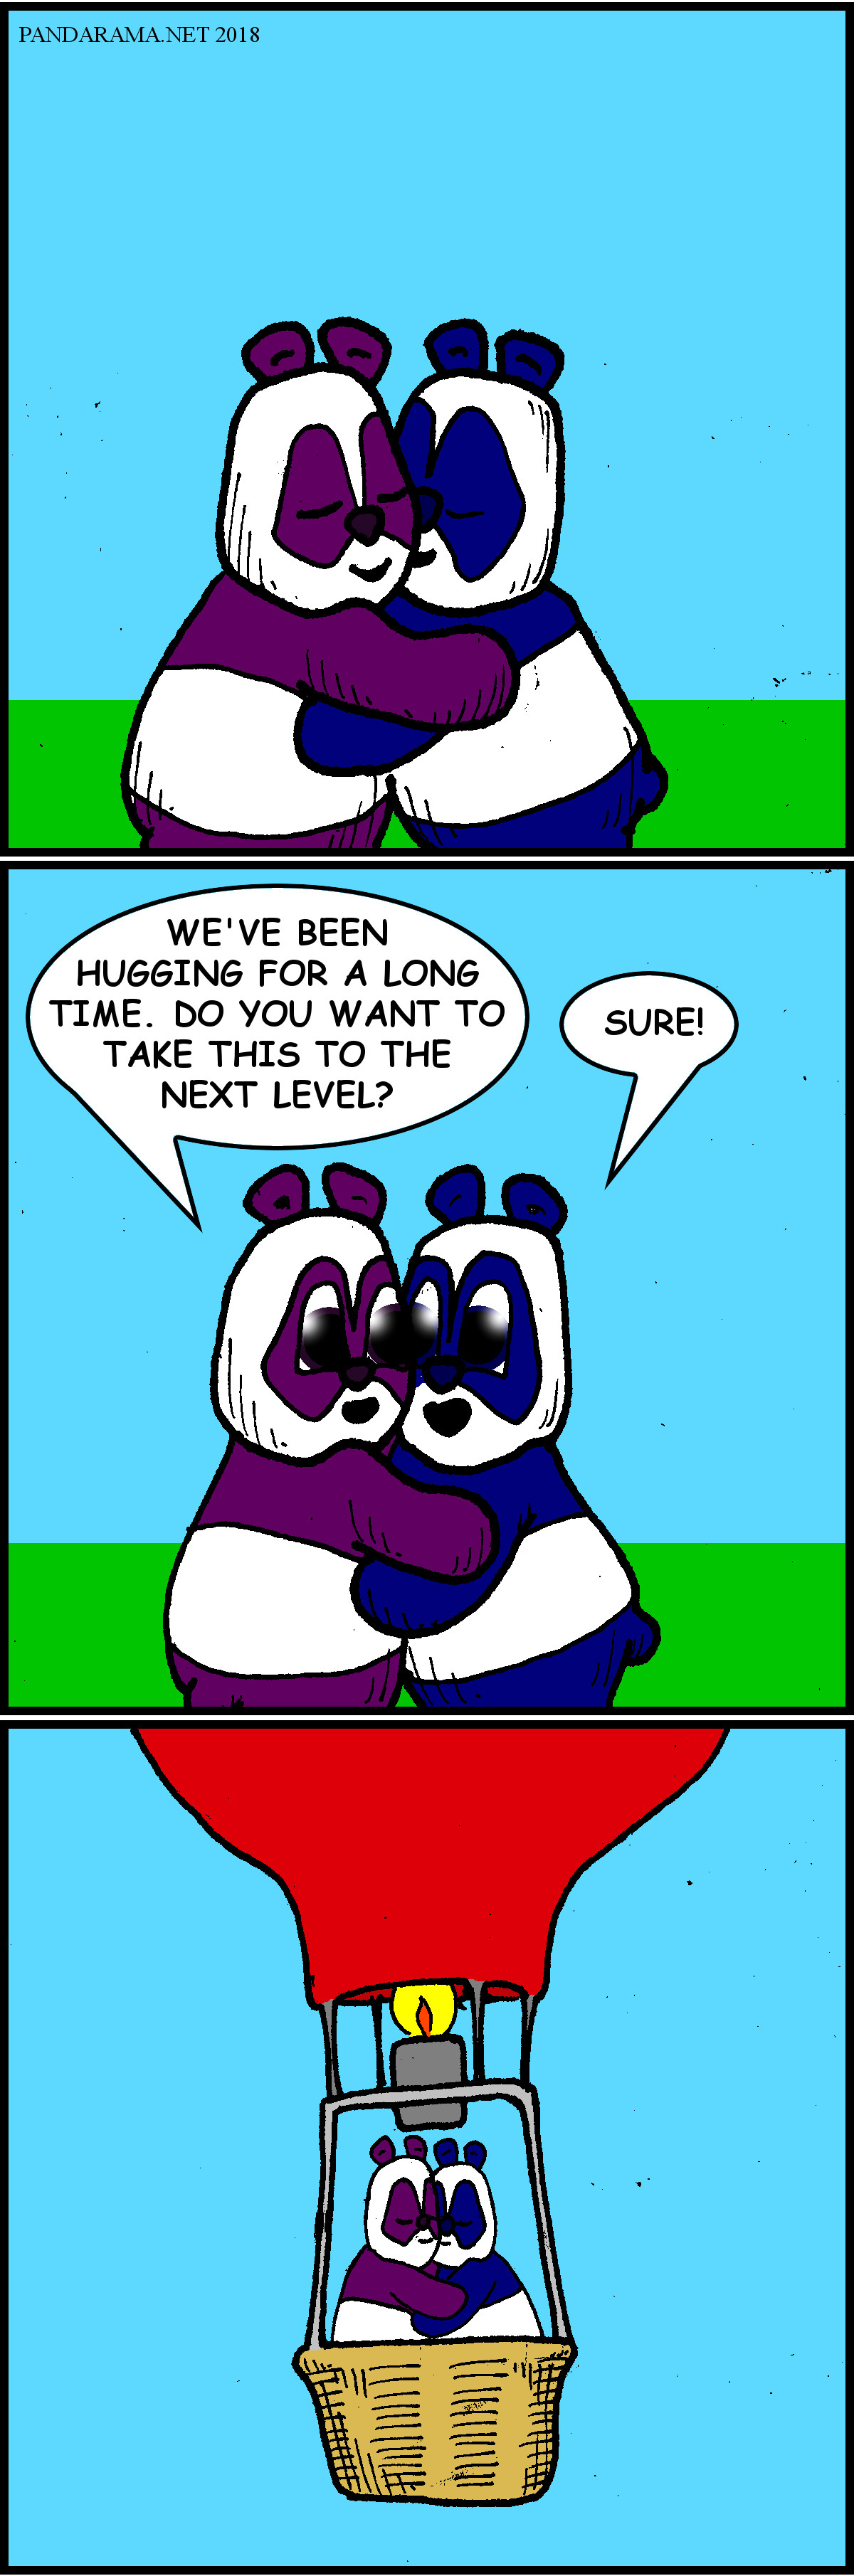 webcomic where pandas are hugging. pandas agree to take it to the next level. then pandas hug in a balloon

===============

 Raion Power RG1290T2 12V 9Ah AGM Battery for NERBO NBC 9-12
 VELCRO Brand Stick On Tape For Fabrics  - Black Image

===============

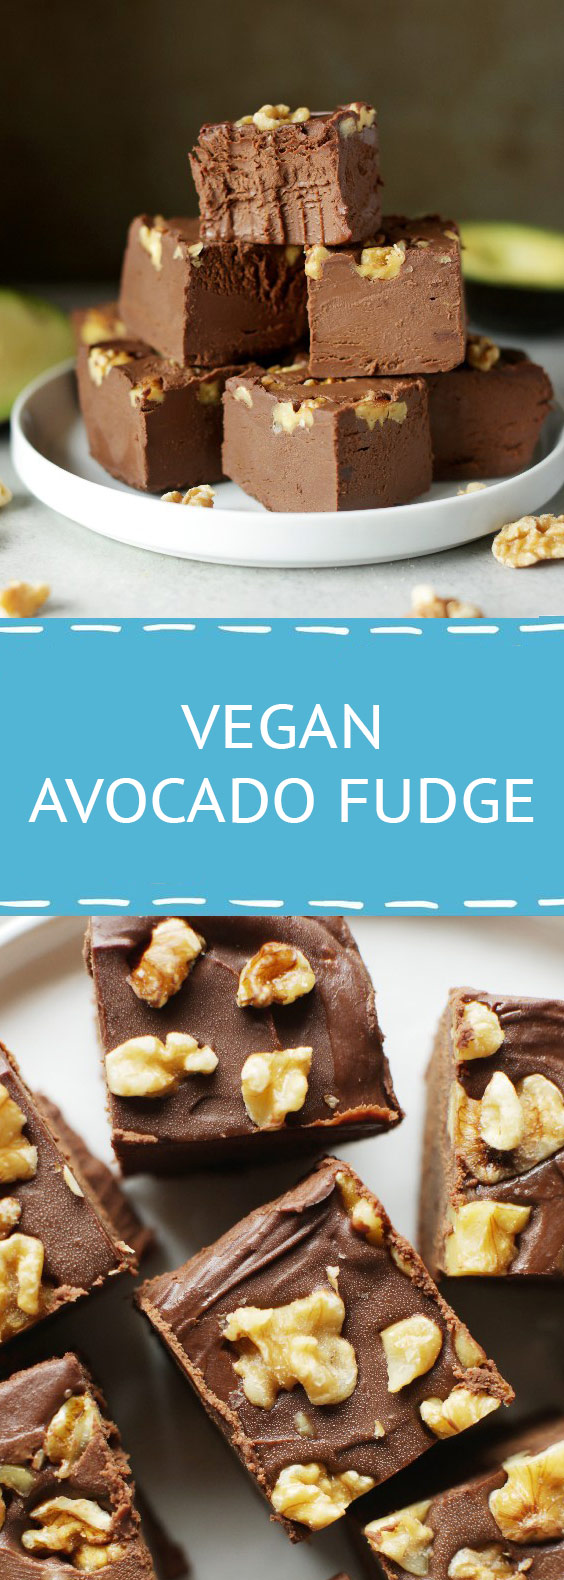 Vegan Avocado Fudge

===============

EXERCISE PROMPT:
What you return should be exactly the lines above, starting at the one with "Raion Power RG1290T2" and ending at the one with "VELCRO Brand Stick", and nothing else.

RESULT:
 Raion Power RG1290T2 12V 9Ah AGM Battery for NERBO NBC 9-12
 VELCRO Brand Stick On Tape For Fabrics  - Black Image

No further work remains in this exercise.